We were trying to restrict ourselves to just specifying the behavior of PUT
that was modified by WebDAV -- the HTTP specification is the proper place
for discussion of the two posible uses of PUT (update vs. create).

>
> >8.7.2     PUT for Collections
> >
> >   As defined in the HTTP/1.1 specification [RFC2068], the "PUT method
> >   requests that the enclosed entity be stored under the supplied
> >   Request-URI."  Since submission of an entity representing a
> >   collection would implicitly encode creation and deletion of
> >   resources, this specification intentionally does not define a
> >   transmission format for creating a collection using PUT.  Instead,
> >   the MKCOL method is defined to create collections.
>
> [CLARITY] This paragraph seems redundant with the second paragraph
> of section 5.3. My comments above to that earlier paragraph
> apply here as well.

Good point -- one of the two could safely be removed.  This change will be
noted for inclusion in a future draft.

> >   When the PUT operation creates a new non-collection resource all
> >   ancestors MUST already exist.  If all ancestors do not exist, the
> >   method MUST fail with a 409 (Conflict) status code.  For example, if
> >   resource /a/b/c/d.html is to be created and /a/b/c/ does not exist,
> >   then the request must fail.
>
> [CLARITY] This should be moved into 8.7.1, or deleted as being redundant.

Good point.
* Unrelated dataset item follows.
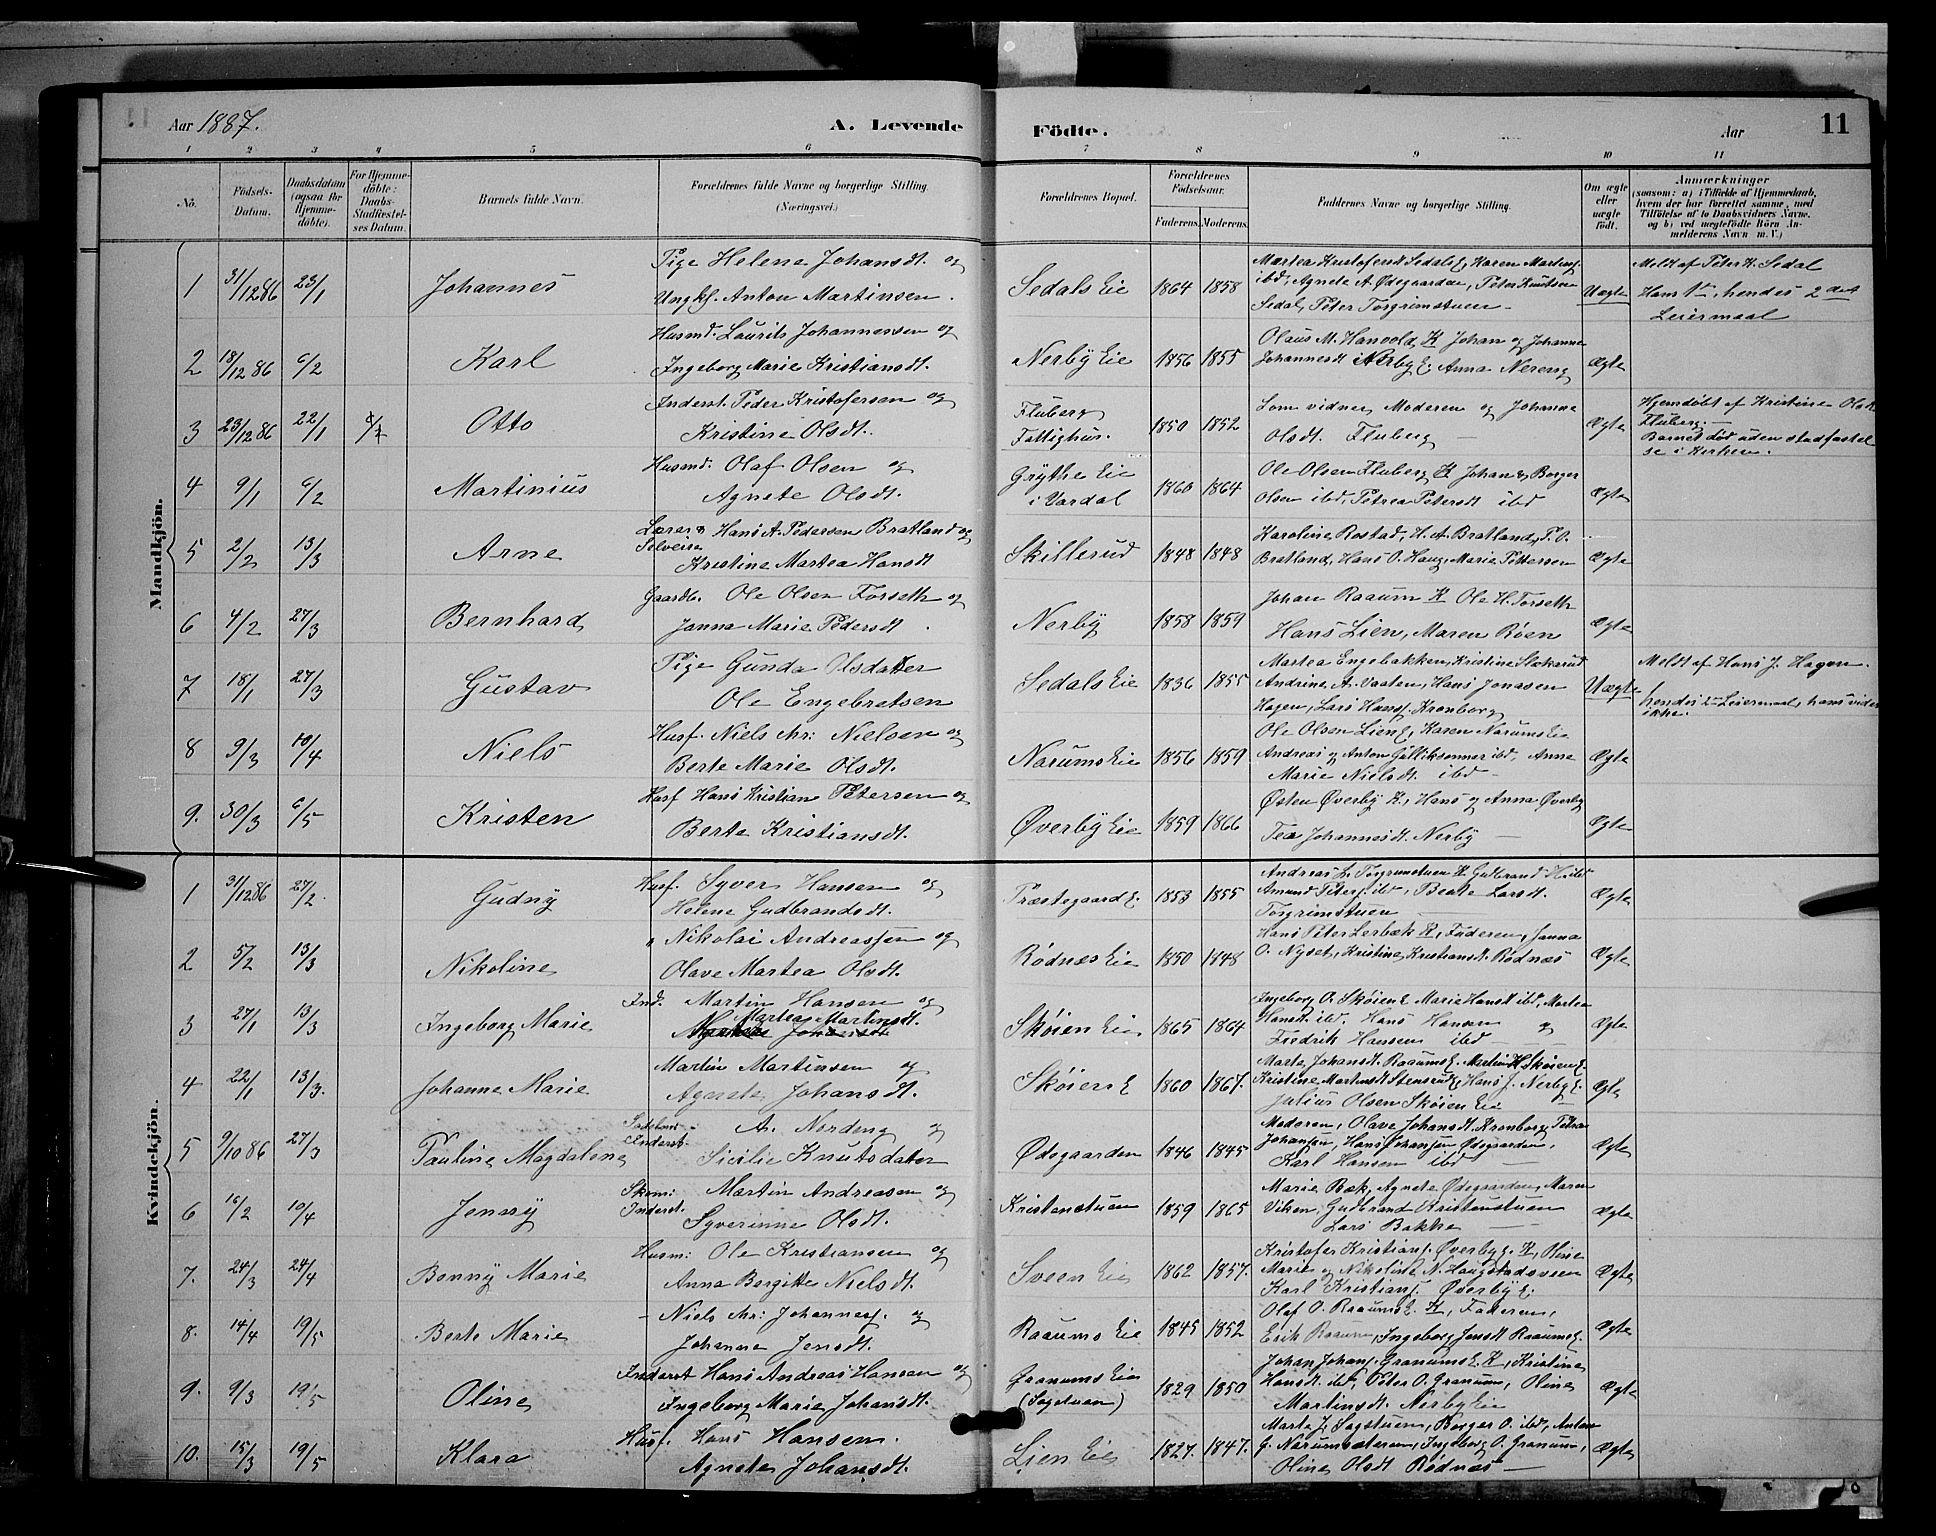 SAH, Søndre Land prestekontor, L/L0003: Klokkerbok nr. 3, 1884-1902, s. 11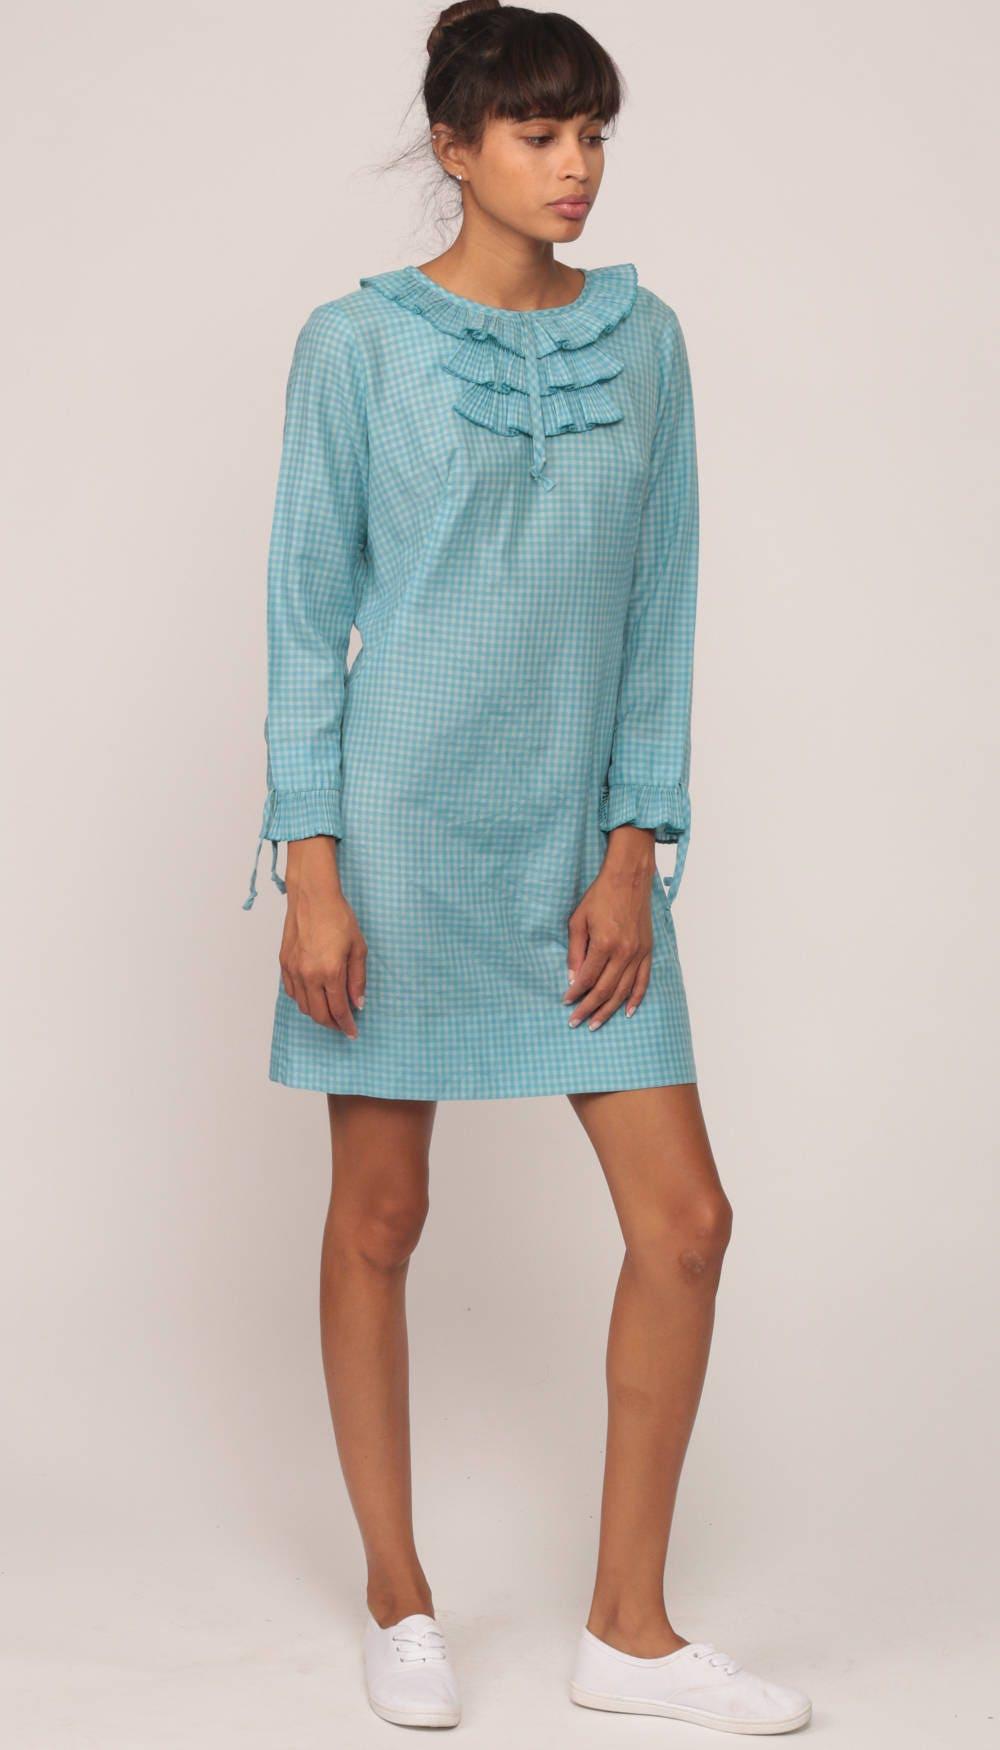 60s Mini Dress Mod Ruffle Twiggy Blue GINGHAM Print 1960s xs

This change will be noted for inclusion in a future draft.

> >8.8 COPY Method
>
> [CLARITY] Section 7.7 should be merged in here. See my general comments
> regarding COPY at 7.7.

This is another document design decision.  Do you discuss locking behavior
all in one place, or do you discuss the behavior of locks for COPY and MOVE
in the COPY and MOVE sections?  We decided to keep the locking sections
together, so that all implications of locks could be more easily seen.

> >   Live properties SHOULD be duplicated as identically behaving live
> >   properties at the destination resource.  If a property cannot be
> >   copied live, then its value MUST be duplicated, octet-for-octet, in
> >   an identically named, dead property on the destination resource
> >   subject to the effects of the propertybehavior XML element.
>
> [CLARITY] This whole conception of "live" and "dead" properties escapes
> me. Maybe when the property proposal is fleshed out in its own
> document, it will become clearer.

Well, it's hard for me to understand your confusion without more specific
feedback.  Section 4.1 is pretty clear when I read it.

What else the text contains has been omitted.